Now this is all well and good, but I am required to press enter on the bootloader/grub screen, then the vm loads and returns me to the command prompt.

How can I avoid having to press enter and automate the entire process? So I can then write a custom rc.d service script.


----------



## wblock@ (Dec 19, 2014)

Grub has a timeout value that can be set.  I'm not sure of the details, probably editing /boot/grub/grub.cfg and then running `grub-install /dev/sda1` on the VM.


----------



## grehan@ (Dec 19, 2014)

On Ubuntu (maybe other distros as well), grub2 is set up to handshake with the o/s where it unsets autoboot, and relies on the o/s to reset it when it successfully boots. If there is an issue with the boot process e.g. a kernel crash, the autoboot won't be unset and you'll be put into grub2 to give a chance to boot an alternate kernel/run a test/etc.
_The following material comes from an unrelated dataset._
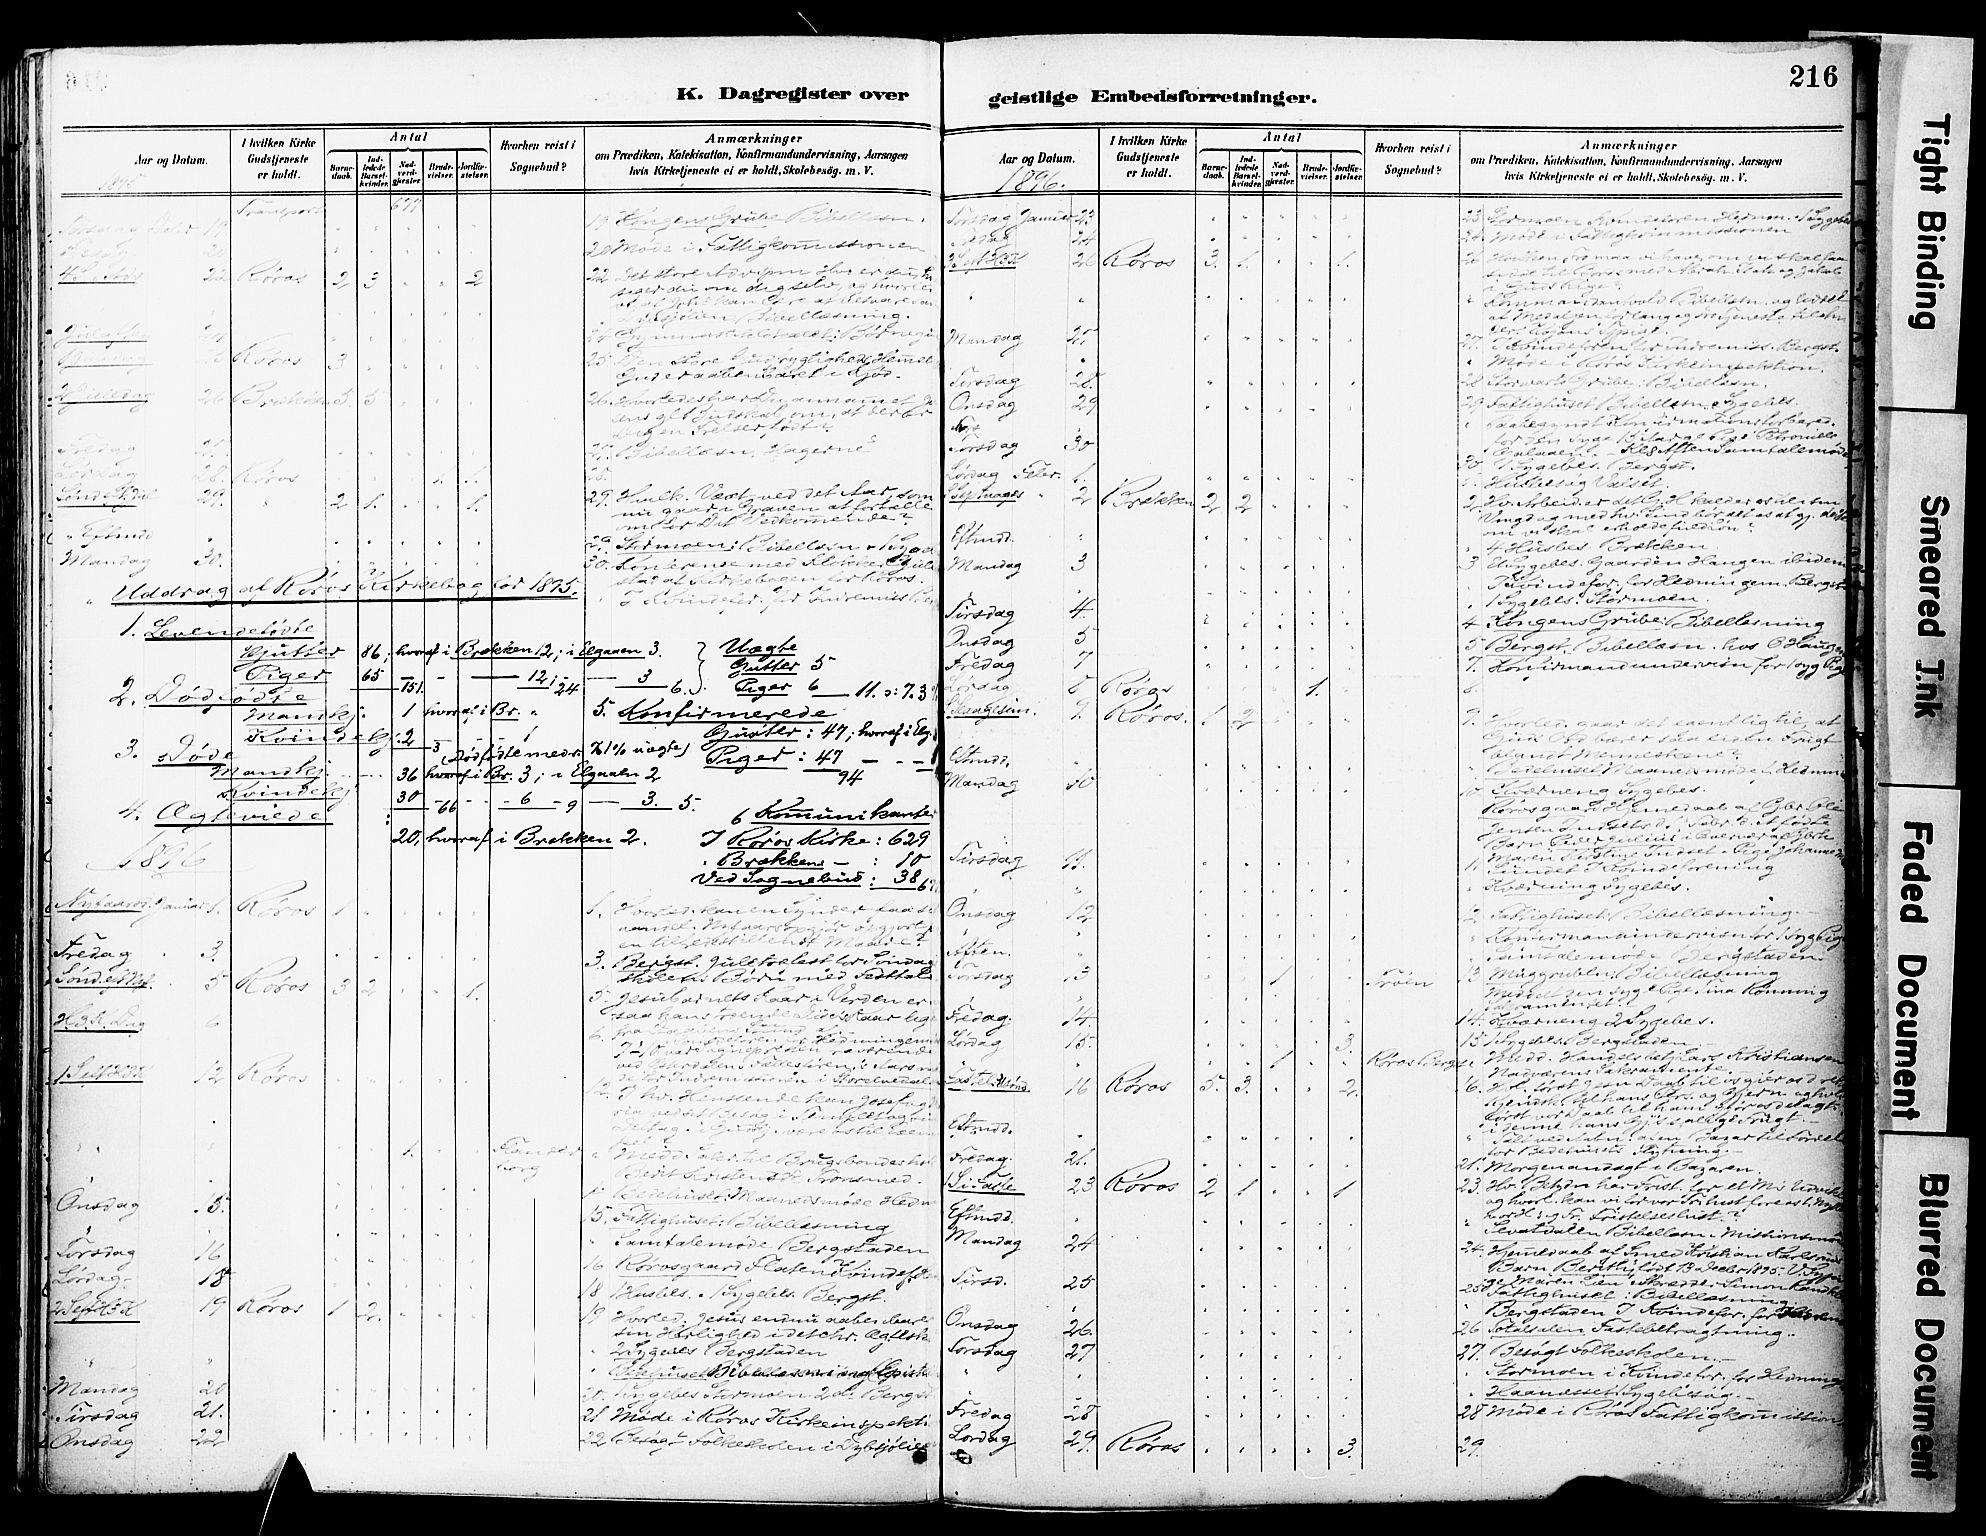 SAT, Ministerialprotokoller, klokkerbøker og fødselsregistre - Sør-Trøndelag, 681/L0935: Ministerialbok nr. 681A13, 1890-1898, s. 216

This avoids boot/crash loops.

It should go away after a successful boot, but if you don't want this behaviour, or just want to modify the existing timeout, some info is at
http://askubuntu.com/questions/2149...oot-the-default-option-after-upgrade-to-12-10

Regarding your script, make sure you issue a `bhyvectl --destroy --vm=linuxguest` before the initial grub-bhyve command to clean out vm state from a previous run.

Thanks for using bhyve


----------



## Luke Crooks (Dec 19, 2014)

Thanks, I knew I could set a time out value for grub but wondered if everything else was correct and or another way to launch hosts.

The rc.d script has a destroy option to destroy all created vms, but adding it in before the launch command is a good idea and should fix most issues.

Bhyve is so awesome, it allows me to host Linux clients securely and run software that isn't yet supported in FreeBSD... Also running in its own zfs mount just makes it even more sweeter


----------